Convinced of Weije's guilt, but lacking the means to prove so, a frustrated La Wen resorts to extreme measures, torturing his family in order to extract a confession from An An, who, as the youngest child, is most vulnerable to coercion. In order to further establish Weijie's guilt, La Wen directs the police to publicly exhume Su Cha's body from the local cemetery. However, this action backfires when the grave is revealed to contain the corpse of a goat that had been killed by Sang Kun earlier in the film during a confrontation with Weijie. This provokes a massive riot among the local population, who are convinced of the innocence of Weijie and his family.

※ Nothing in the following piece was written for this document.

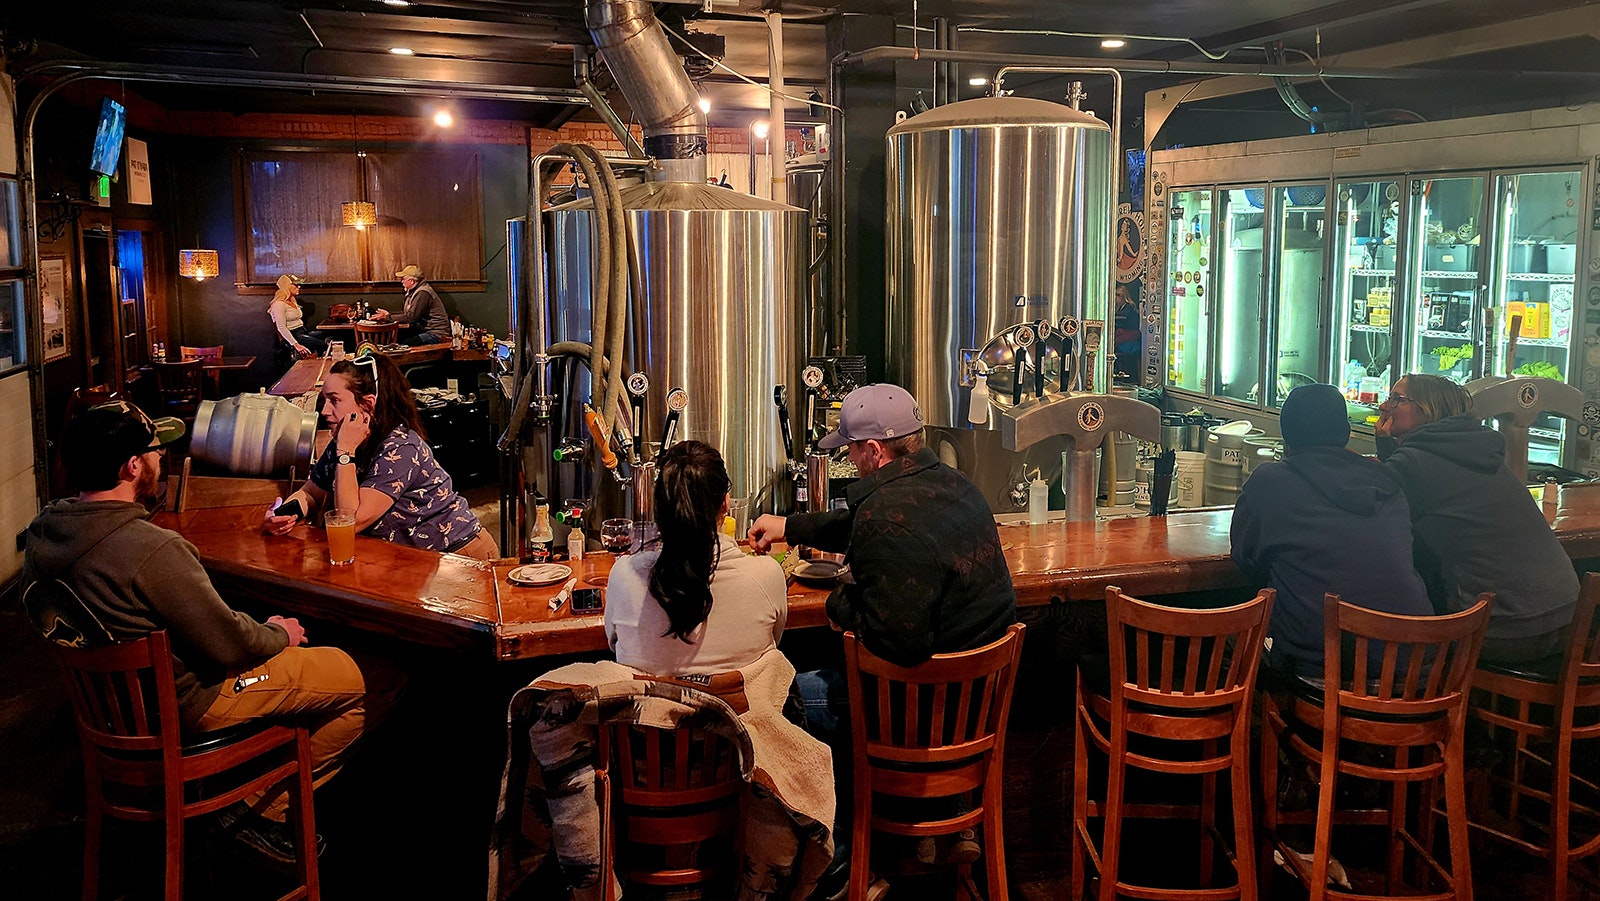 The relaxed neighborhood feel at Pat's Brew House brings in many regular customers.

This event proves to be the downfall of La Wen, who is indefinitely suspended from her position over allegations of police corruption, and Du Peng, who resigns from his position as mayor in disgrace. Weijie and his family are publicly exonerated. However, Weijie, suffering guilt from his actions, confesses to his role in the killing to La Wen and Du Peng, and is sentenced to prison. It is heavily implied that Su Cha's body was earlier moved from the grave to a construction site that Weijie had been working on.

== Cast ==
- Xiao Yang as Li Weijie
- Tan Zhuo as Ayu
- Joan Chen as La Wen
- Philip Keung Ho-Man as Du Peng
- Paul Chun as Song En
- Shih Ming-shuai as Sang Kun
- Audrey Hui as Ping Ping
- Zhang Xiran as An An
- Bian Tian Yang as Su Cha

== Production ==
In September 2017, it was announced that an undisclosed Chinese production company had acquired the rights to remake the Indian Malayalam-language film Drishyam (2013). Malaysian Chinese filmmaker Sam Quah was the director and Chen Sicheng served as the producer of the film.

==Release==
Sheep Without a Shepherd was released in China on 13 December 2019. It was also released in IMAX format.

=== Box office ===
Sheep Without a Shepherd took the top spot at Chinese box offices, becoming the highest-grossing film in its opening weekend. In that weekend, 13 – 15 December, it grossed $32,152,680 in China, besting Skyfire. The film continued to lead in Chinese box offices through to its second week, until 20 December. In its second weekend in China, the film earned $23,204,410, beating Star Wars: The Rise of Skywalker which debuted that weekend and ranked second behind Ip Man 4: The Finale. The film's cumulative gross in China stood at $76,813,388 until 22 December. In the same weekend, in terms of worldwide box office ranking, it came fifth behind Star Wars: The Rise of Skywalker, Jumanji: The Next Level, Ip Man 4: The Finale, and Frozen 2, with $77,439,509. In three weeks, the film grossed $111,225,633 and $135,589,251 in four weeks. By 13 January 2020, the film earned $154.24 million from box office sales in China alone. As of 12 February, it has grossed $176 million from China. It became the 9th highest-grossing film in China in 2019. The film grossed more than $192 million internationally.

===Critical response===
The film holds an approval rating of on Rotten Tomatoes based on reviews with an average rating of . It received a 73 out of 100 score on Metacritic based on five reviews.

===Awards===
It was nominated at the 6th Douban Film Annual Awards for the category of Top Rated Chinese Movie.